A comunhão do Filho com o Pai e do Pai com o Filho simboliza a verdade de que os pequenos hábitos que comungamos diariamente enquanto família humana nos faz habitar uns nos outros. À medida que amamos e valorizamos os sentimentos que partilhamos, nos tornamos imortais uns para os outros e, nesse sentido, a morte de um é a morte de todos, a vida de um é a vida de todos.

Descobrimos nossa natureza eterna, habitamos o templo interior uns dos outros. Descortinamos a consciência, que jazia na ignorância, um mais amplo sentido de comunhão e comunidade a um só tempo no eterno que nos contém.

Raymond Buckland

Para mim, esse texto ressignifica o cristianismo.

Ele começa falando em “transcender-se a si mesmo”, ir além da sua atual expressão. Sabemos da deturpação histórica criada pelo entrelaçamento entre o Império Romano e o cristianismo com a fundação da Igreja Católica Apostólica Romana. E como isso foi prejudicial ao desenvolvimento do que é a verdade mais pura.

Quando Buckland diz que a cristianismo precisa se descobrir não como doutrina “partidária”, nem como uma religião que se considera melhor ou que tem a verdade, significa que precisamos passar para além dessa noção de ser o depósito da verdade. Na minha opinião, essa psicografia traz a essência do cristianismo e dos ensinamentos do Cristo.

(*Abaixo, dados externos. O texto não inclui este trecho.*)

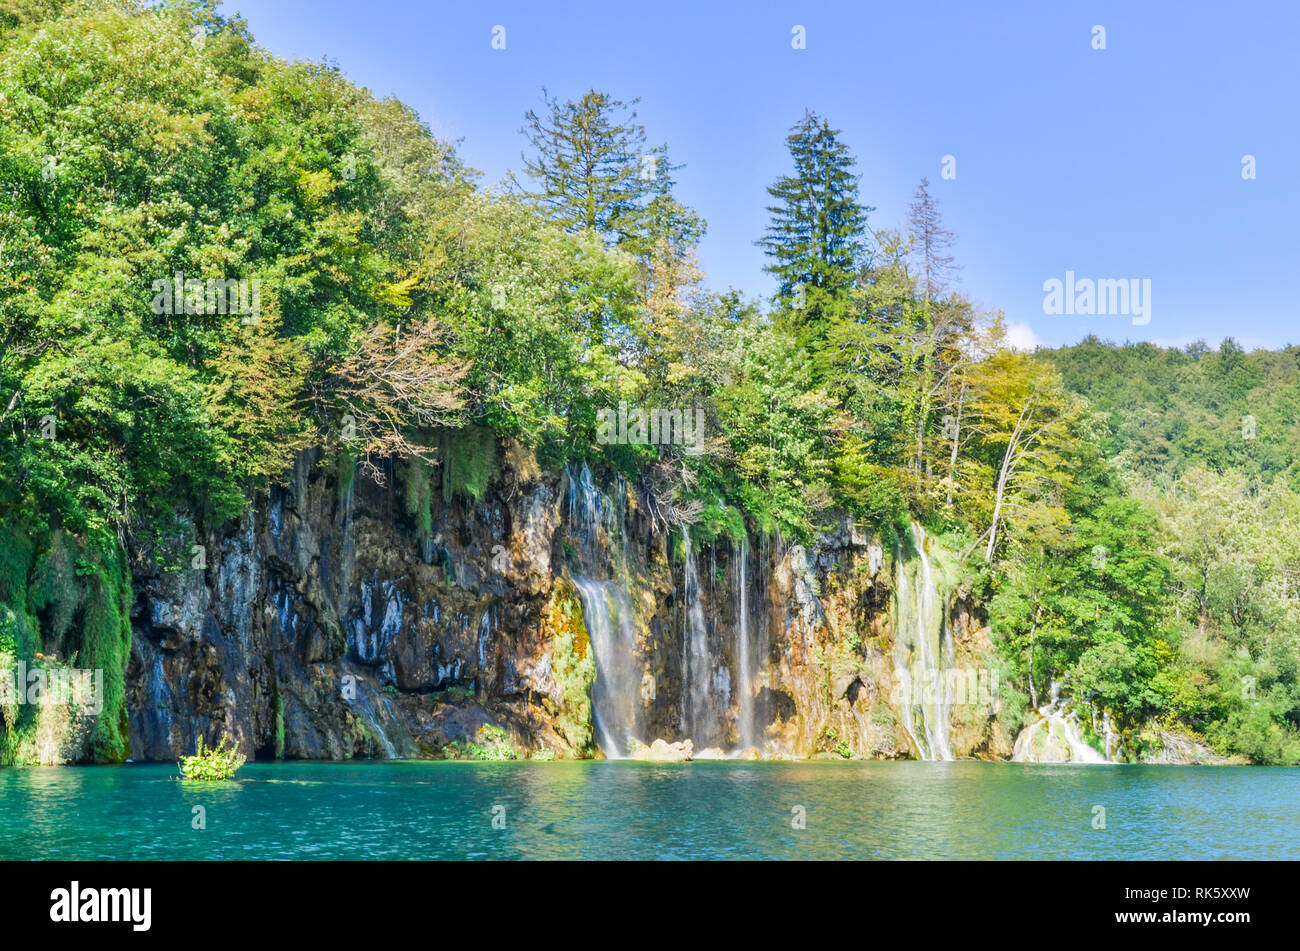 Stunning nature of the Plitvice Lakes National Park (UNESCO World Heritage Centre) in Croatia: waterfalls, wildlife, bridges, tourists ... Stock Photo
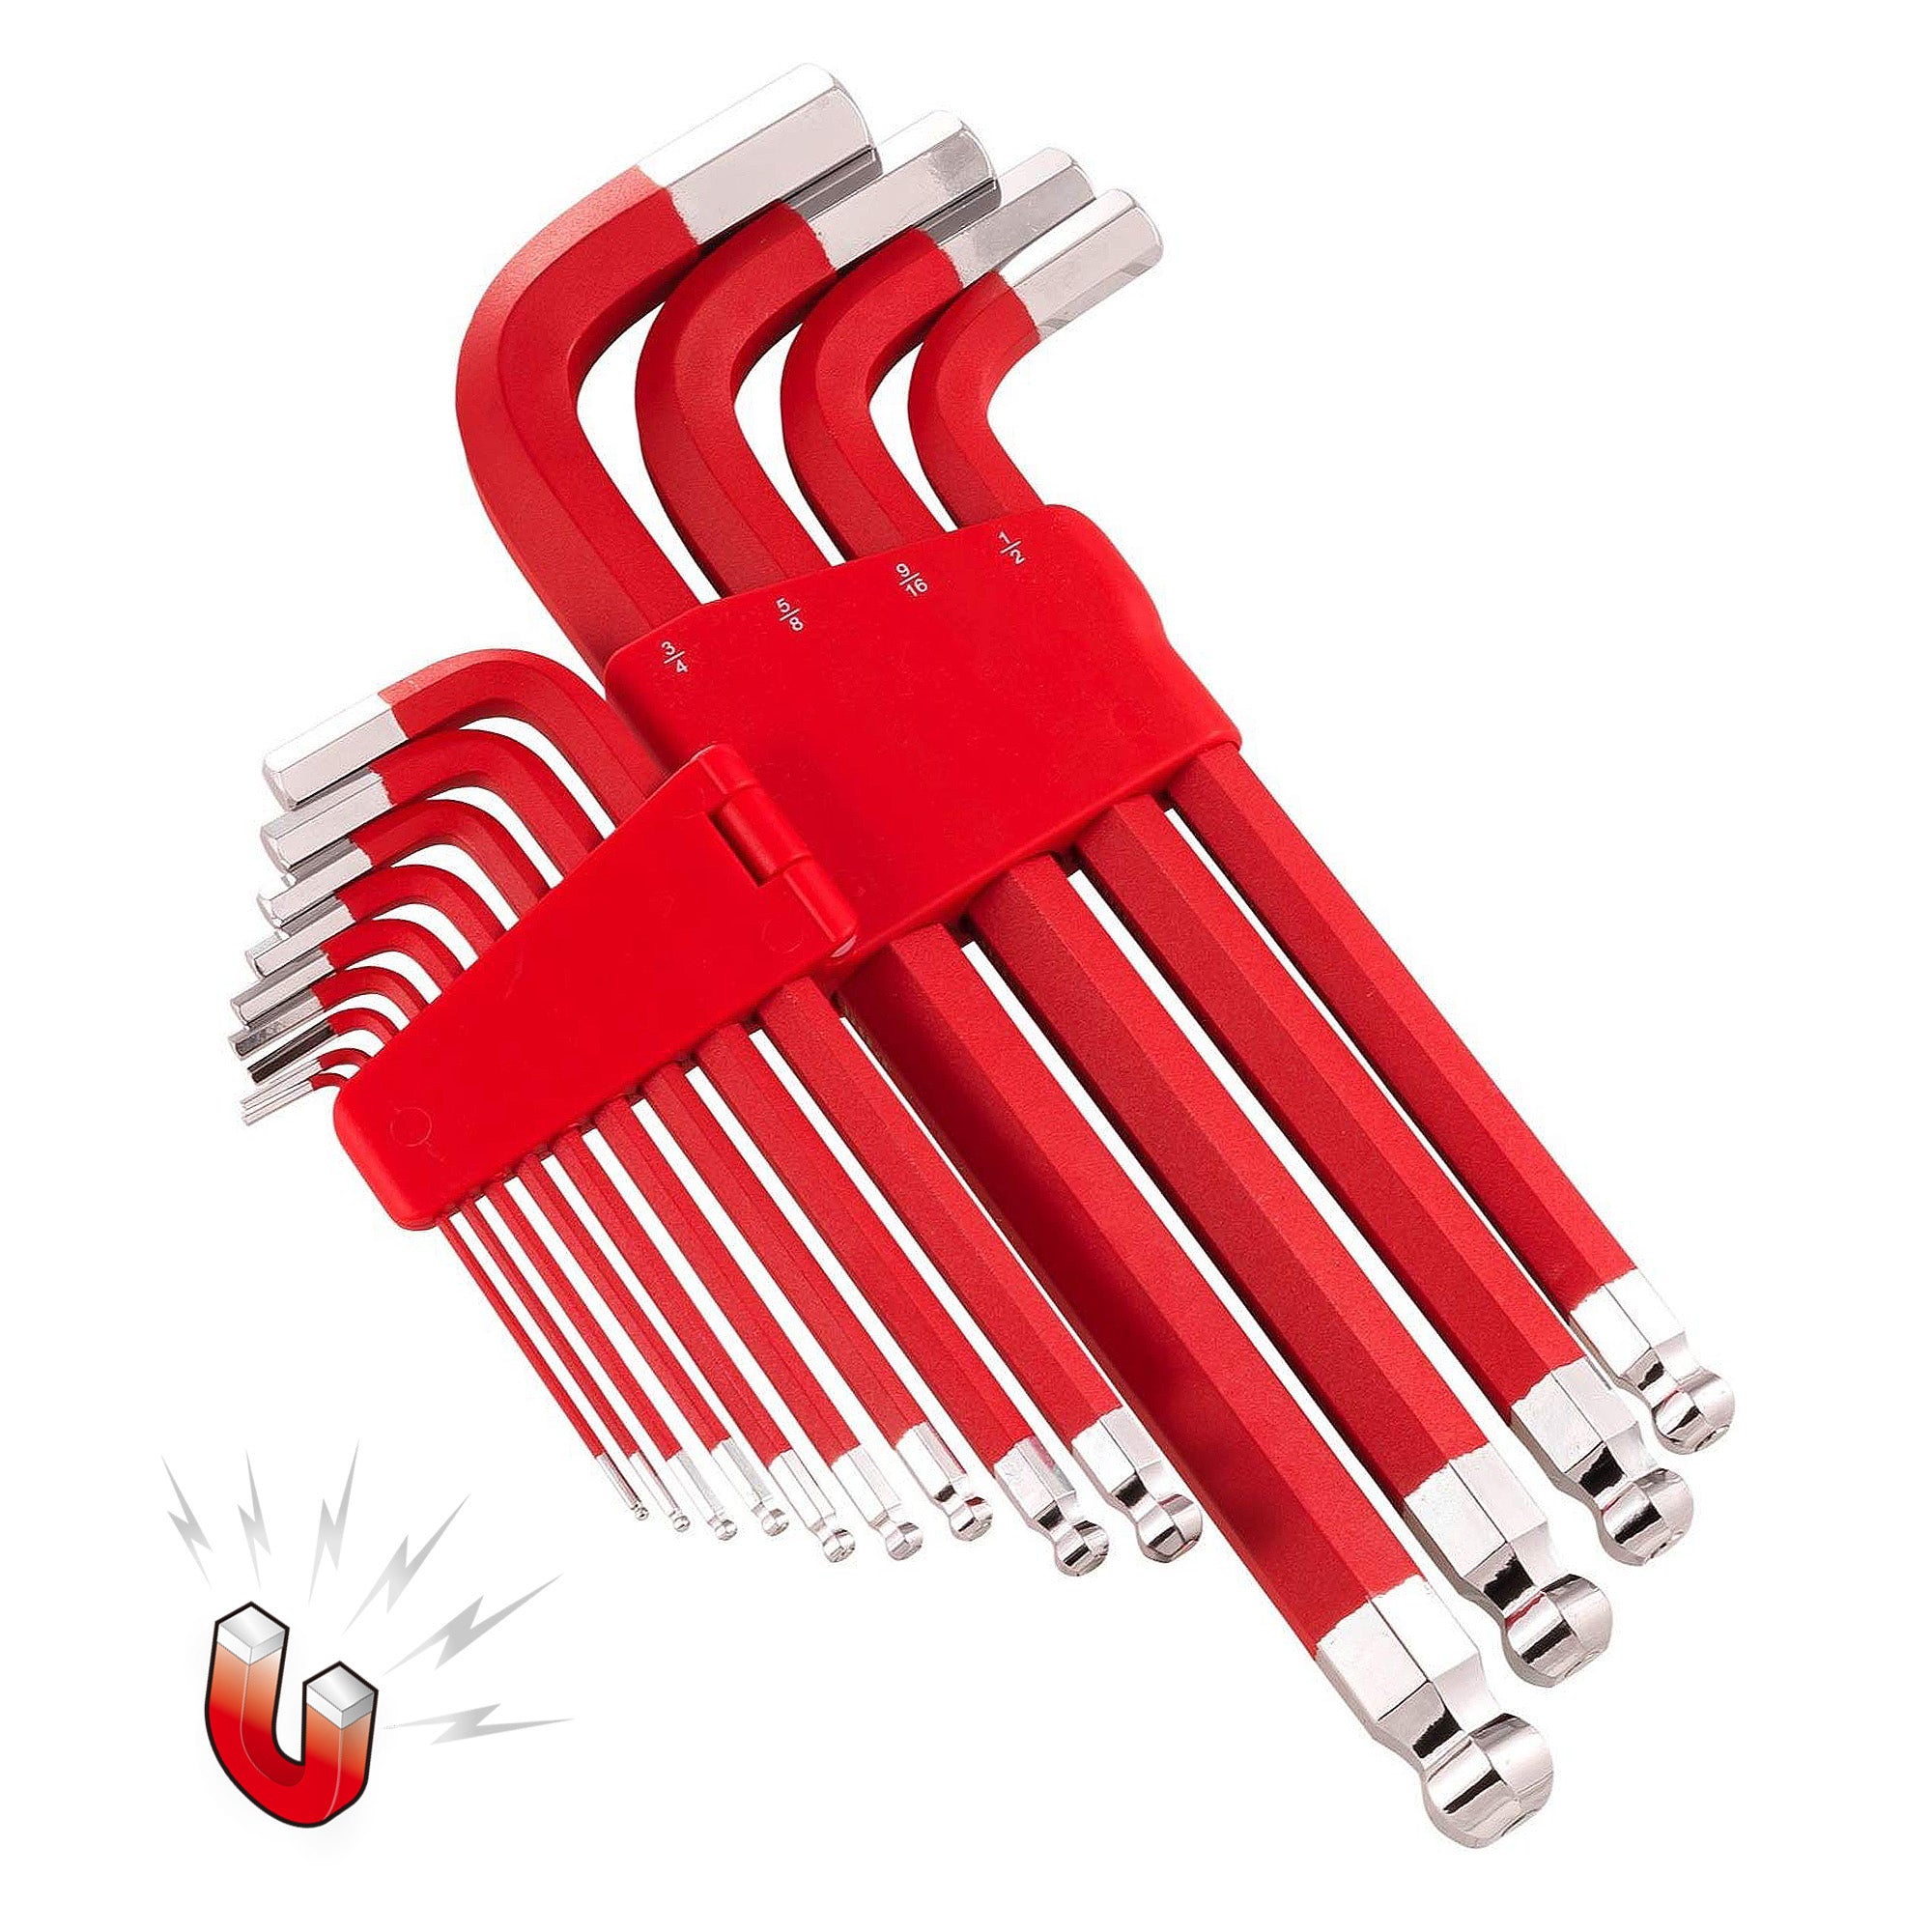 7 PCS Hex Key Wrench Set, Metric, Grip Tight Tools

Qual era ao maior desejo de Jesus e da sua mensagem? O amor?

Não, o amor era o maior mandamento de Jesus.

O maior desejo de Jesus está registrado pelo apóstolo que mais o amou, João, que na sua oração antes de ir para a cruz do calvário diz: “Pai, o meu maior desejo é que todos sejam um como eu e tu somos um”.

O maior desejo de Jesus era a unidade. O amor é o caminho.

Quando Buckland fala em “nos tornamos imortais uns para os outros”, lembro muito do meu avô, que faleceu em 2004. Fazia muito tempo que não desencarnava ninguém da família. Ele era uma pessoa incrível que eu e meu irmão convivemos muito, moramos juntos e dormíamos no mesmo quarto por um tempo. Foi um choque quando ele teve uma parada cardíaca, de repente, dentro de casa. Um impacto muito duro.

Mas meu avô continua morando dentro de mim. Assim como minha avó, que também já desencarnou. E o melhor deles vive em cada um da nossa família. Isso é a essência do cristianismo, do projeto de Jesus, que todos sejam um com o Pai.

Portanto, quando exerço o real poder, que é a capacidade de colaborar para que o outro também realize seu potencial, estou entregando minha maior riqueza.

Quando percebemos que habitamos uns aos outros, e que à medida que nossa história cruza a história de outras pessoas, e a ilusão da separatividade é menor, nos vemos um pouco mais unos. Quanto mais vamos rompendo essa barreira, mais cruzamos essa consciência de que um pouco de nós ficou na pessoa e um pouco dela ficou em nós.

E, para todos que estão interessados em ressignificar o cristianismo, as perguntas são:

  • O que de você está ficando no outro? E o que do outro você tem carregado?
  • O que de você habita o outro? E o que de você é digno de habitar o outro?
  • O que você tem entregado ao outro quando suas vidas se cruzam nessa existência?
  • Qual tem sido seu exercício de poder? Doutrinário? Partidário? Ou de contribuição e colaboração para que o outro também evolua?
  • Quando uma vida humana toca outra vida humana, o que você está entregando para essa pessoa?

Estamos em constante descortinar do próprio limite, que parece nos definir e nos delinear.

Na medida em que avançamos a compressão sobre o que é unidade, mais percebemos que esse perímetro que nos contém e nos isola em singularidades é apenas uma arranjo da consciência, para que possamos experimentar a singularidade.

A singularidade tem a função de estabelecer um contrato para que a consciência compreenda o que é unidade. E começamos a integrar o grande mistério de que eu moro dentro do Deus que mora dentro de mim.

Abraço grande,

Sempre avanti! Che questo è lá cosa piú importante!